Visual data have been of concern to the social sciences in two ways: visual records produced by the investigator, and visual documents produced by those under study. In recent years, however, this dichotomy between the observer and the observed has begun to collapse (as it has across the qualitative social sciences more generally) and a third kind of visual record or more accurately representation has emerged: the collaborative representation.
Thus visual anthropology and visual sociology proceed methodologically by making visual representations (studying society by producing images), by examining pre-existing visual representations (studying images for information about society), and by collaborating with social actors in the production of visual representations. Methodologically, the use of photography, film and video to document areas of social and cultural life would appear to be straightforward and unproblematic.
Photography was also employed as a 'visual notebook' by anthropologists to document aspects of material culture produced by a particular society. After the invention in 1895 of the portable motion picture camera, film was employed to the same ends. In recent years anthropologists and others have begun to re-examine the products of colonial photography, being as interested as much in the ideas that led to the production of such photographs as in the societies and cultural forms they supposedly document (see the essays in Edwards 1992, and Scherer 1990).
The study of early ethnographic film is less well advanced, largely because the sources are less well-known and less accessible, but an ESRC-funded project is currently underway at the University of Oxford to catalogue much of this earlier material (see under 'Electronic Resources' below), and it is hoped that this will stimulate further research. Following on from the Victorian taxonomic and classificatory uses of visual media, photography, film and video have been used more recently to gather data for various other kinds of formalist analysis: proxemics, choreometrics and kinesics and conversation analysis.
What many of these recent projects have in common with their Victorian and Edwardian antecedents is an approach to mechanical visual recording media, which tend to treat them as neutral technologies capable of objectively recording social behavior or visible 'givens'. Images are no more 'transparent' than written accounts and while film; video and photography do stand in an indexical relationship to that which they represent they are still representations of reality, not a direct encoding of it.
As representations they are therefore subject to the influences of their social, cultural and historical contexts of production and consumption. Thus the visual sociologist or anthropologist adopts a dual perspective on visual media. On the one hand they are concerned with the content of any visual representation what is the 'meaning' of this particular design motif on an art object? who is the person in the photograph?
On the other hand, they are concerned with the context of any visual representation who produced the art object, and for whom? why was this photograph taken of this particular person, and then kept by that particular person? When studying visual representations that have been created by others the dual strands of content and context are fairly easy to investigate in tandem. When, however, the investigator produces the visual representations there is a danger of the content taking priority over the context.

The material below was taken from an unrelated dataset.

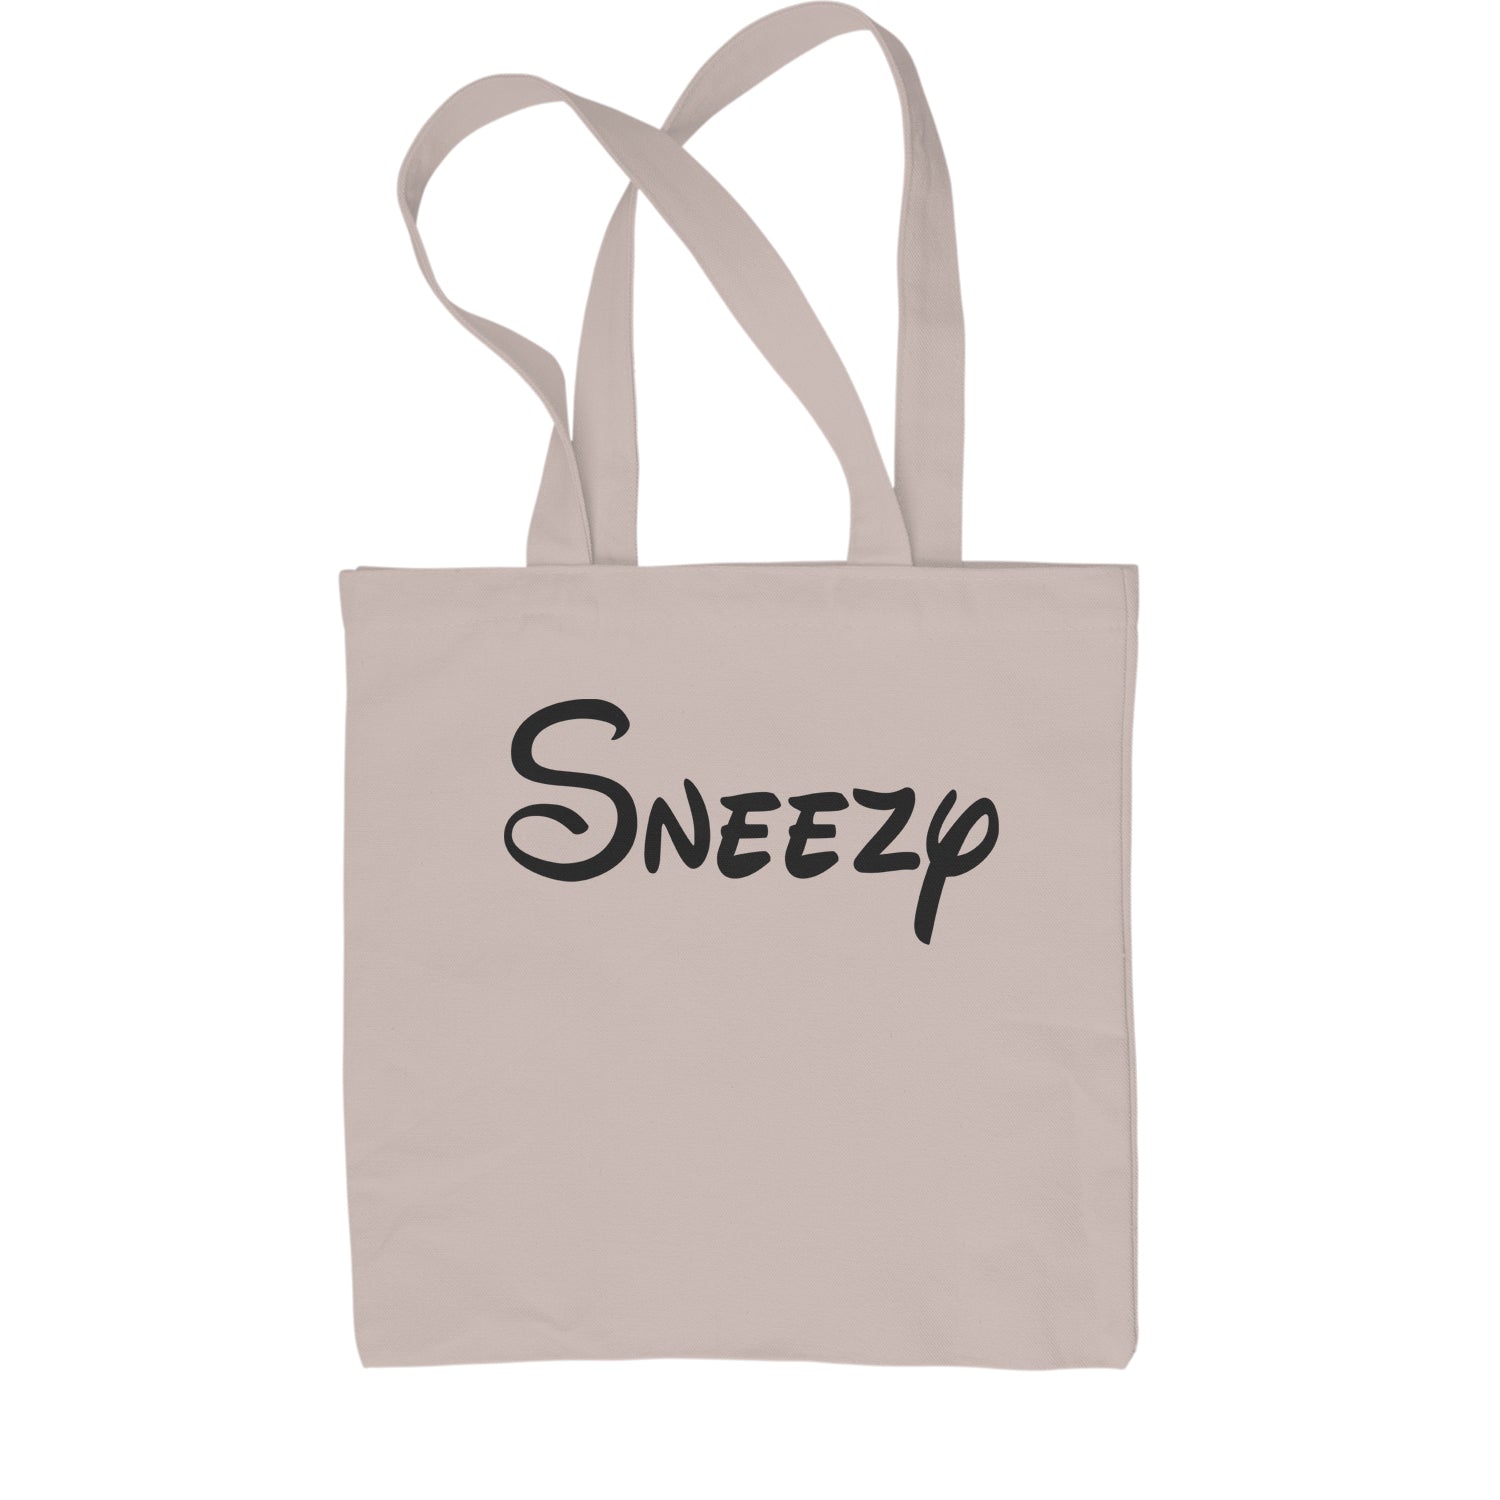 Sneezy - 7 Dwarfs Costume Shopping Tote Bag and, costume, dwarfs, group, halloween, matching, seven, snow, the, white by Expression Tees

Within documentary film, the 'direct cinema' movement in the 1960s sought to correct this imbalance by ensuring that the conditions of filmmaking were revealed to the viewer (see Barnouw 1974, Rosenthal 1988, and Loizos 1993). Typically this involved the deliberate inclusion of the filmmakers' kit in the image or even the filmmakers themselves. Such ideas were absorbed into ethnographic film practice, simultaneously with techniques that were thought to bring the human subjects of the film closer to the viewer. With still photography, more sensitive or reflexive representations are perhaps slightly harder to accomplish.
In many cases, social investigators choose to create some marriage of text and image, where each provides a commentary on the other. Doug Harper, a visual sociologist, has accomplished this to particularly good effect in his work (Harper 1987; see also Berger and Mohr 1975). It is important to remember, however, that all visual representations are not only produced but are consumed in a social context, one that invokes a family resemblance to similar representations television and cinema in the case of film and video.

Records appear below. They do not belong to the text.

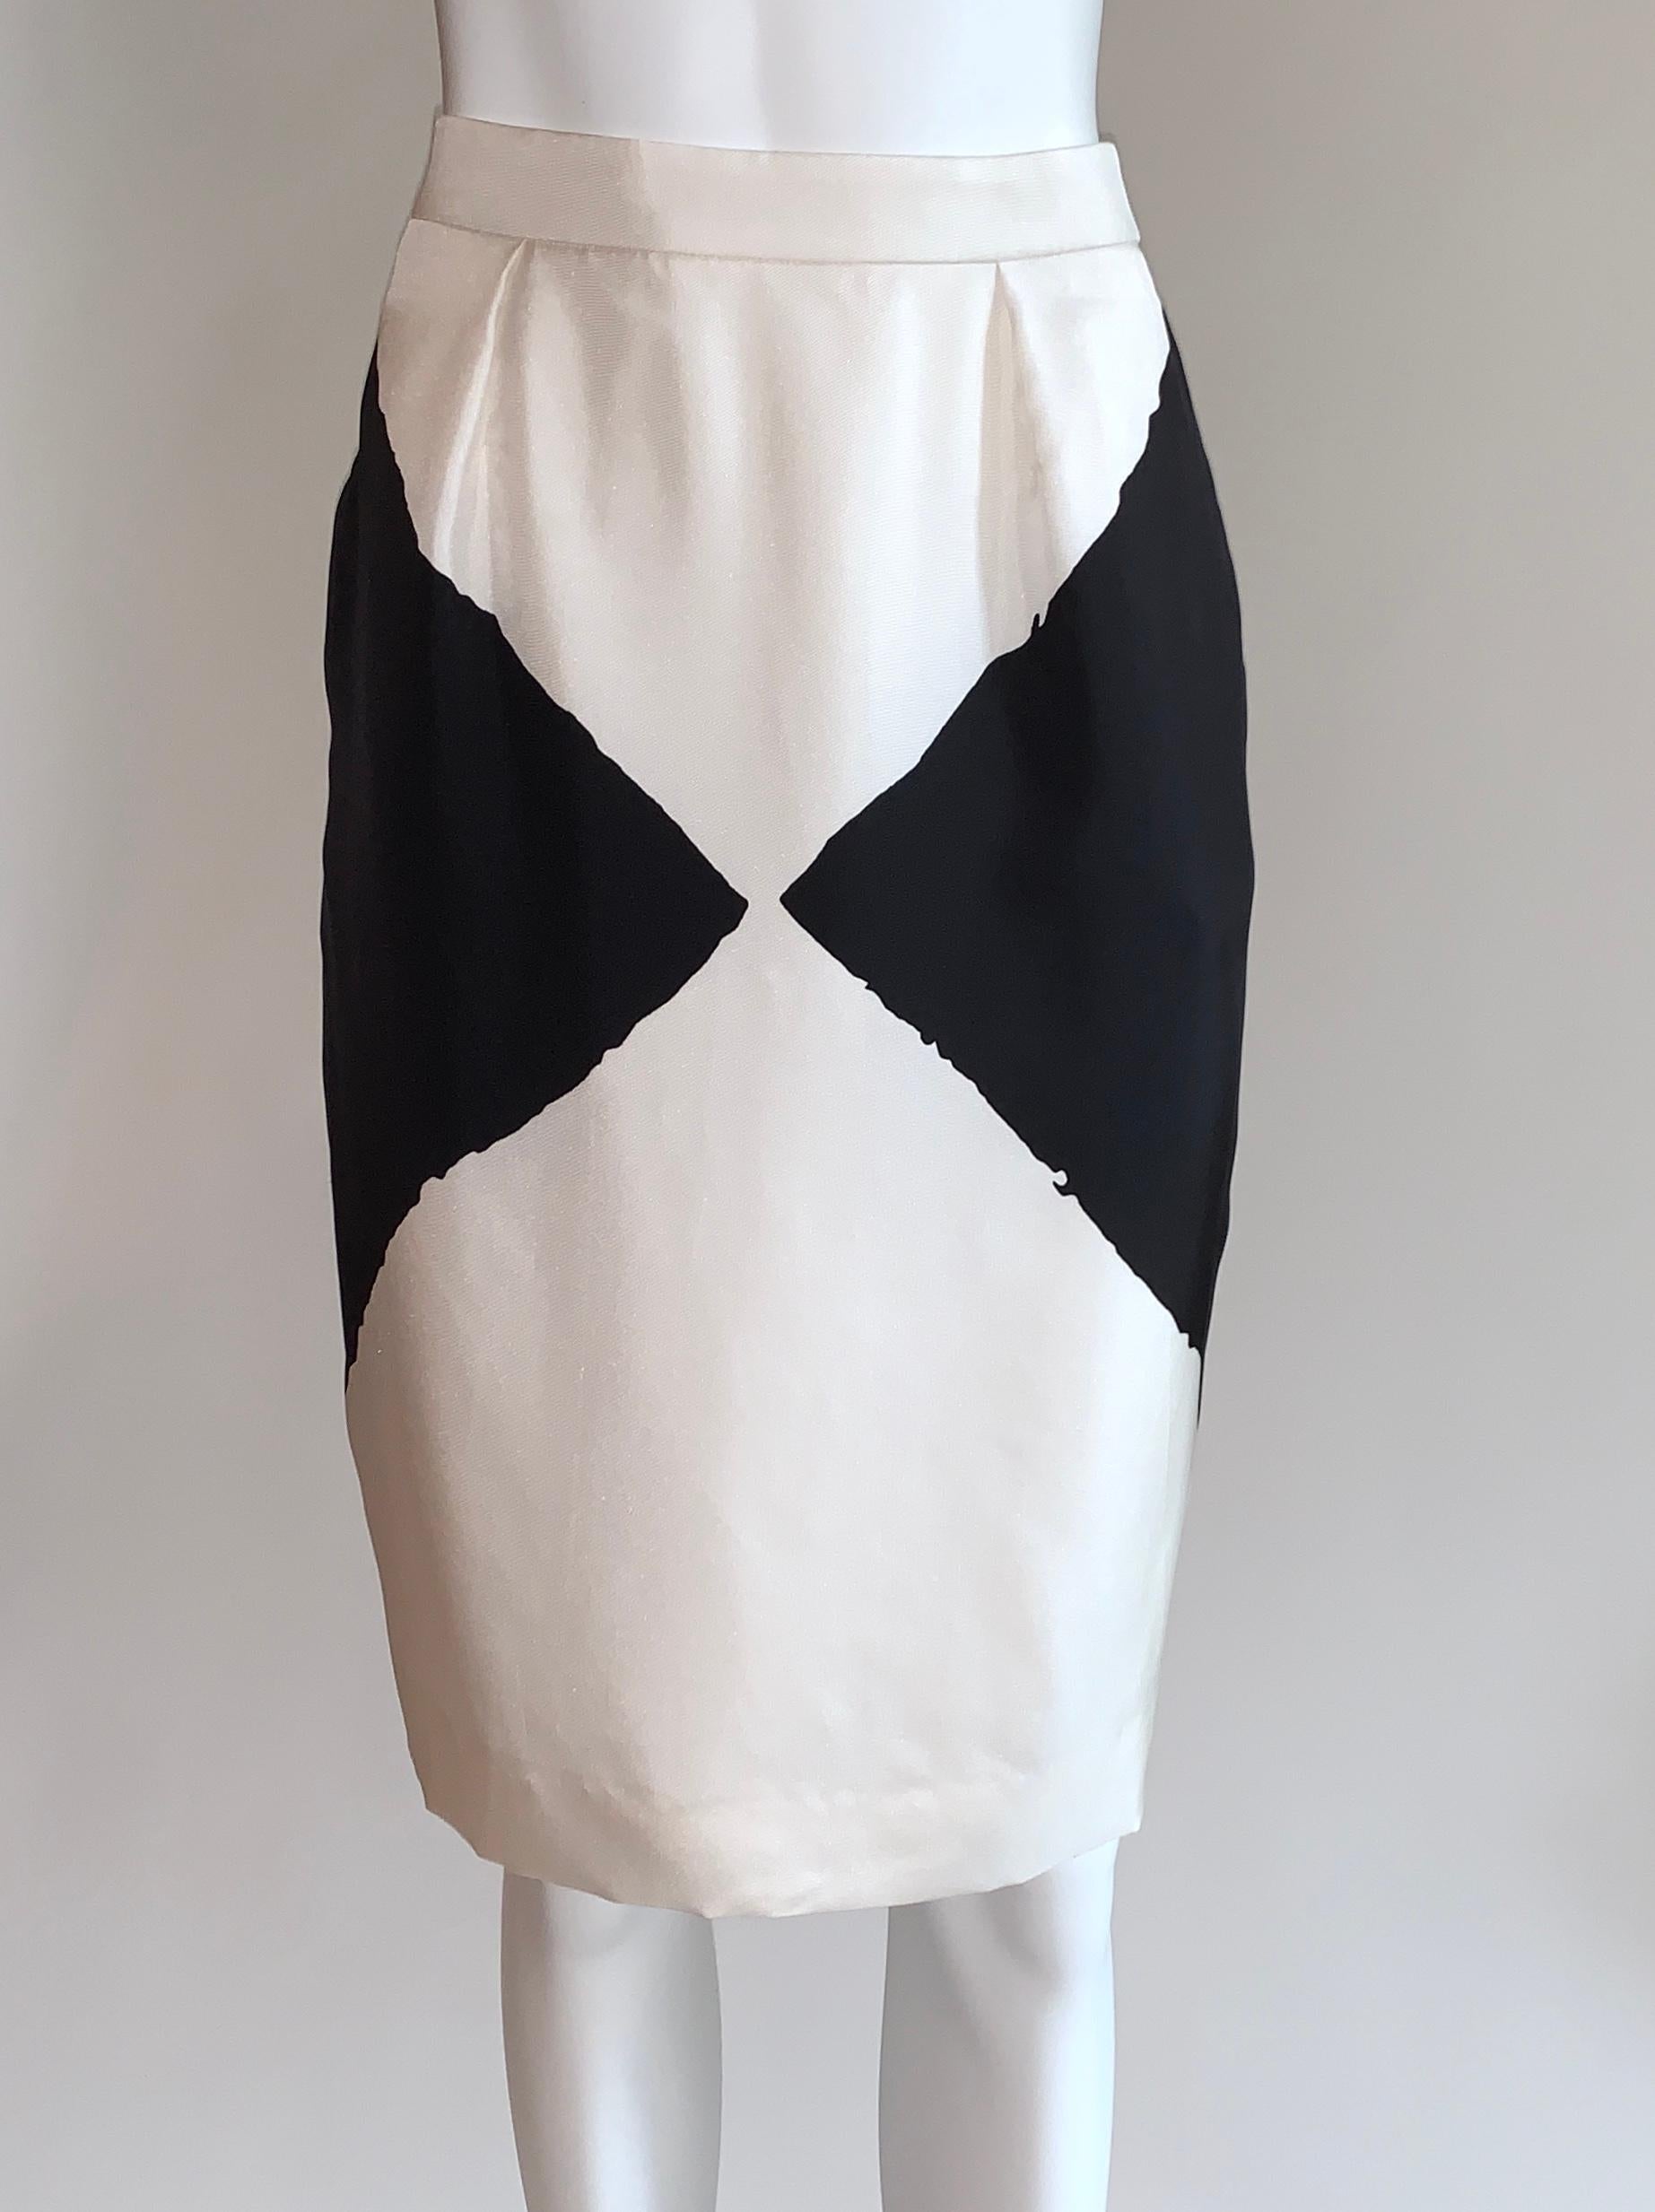 Yves Saint Laurent silk pencil skirt in a painterly black and white geometric print. Pockets at sides, side zip and button closure.

100% silk. 
Fully lined. 

Made in Italy.

Size FR 44, best fits XL, see measurements.
Waist 32

Members of an audience will bring to the screening certain expectations of narrative form, 'plot' development, 'good' and 'bad' composition, and so forth, however unconscious or inchoate their understandings. Nor can a single 'reading' of a film necessarily be presumed. Sociologists such as Stuart Hall have advocated the notion of 'preferred readings' (Hall 1977), while an anthropological study of ethnographic films shown to students refutes the liberal assumption that such films encourage the viewers empathetically to narrow the gap between self and a radically different other (Martinez 1990).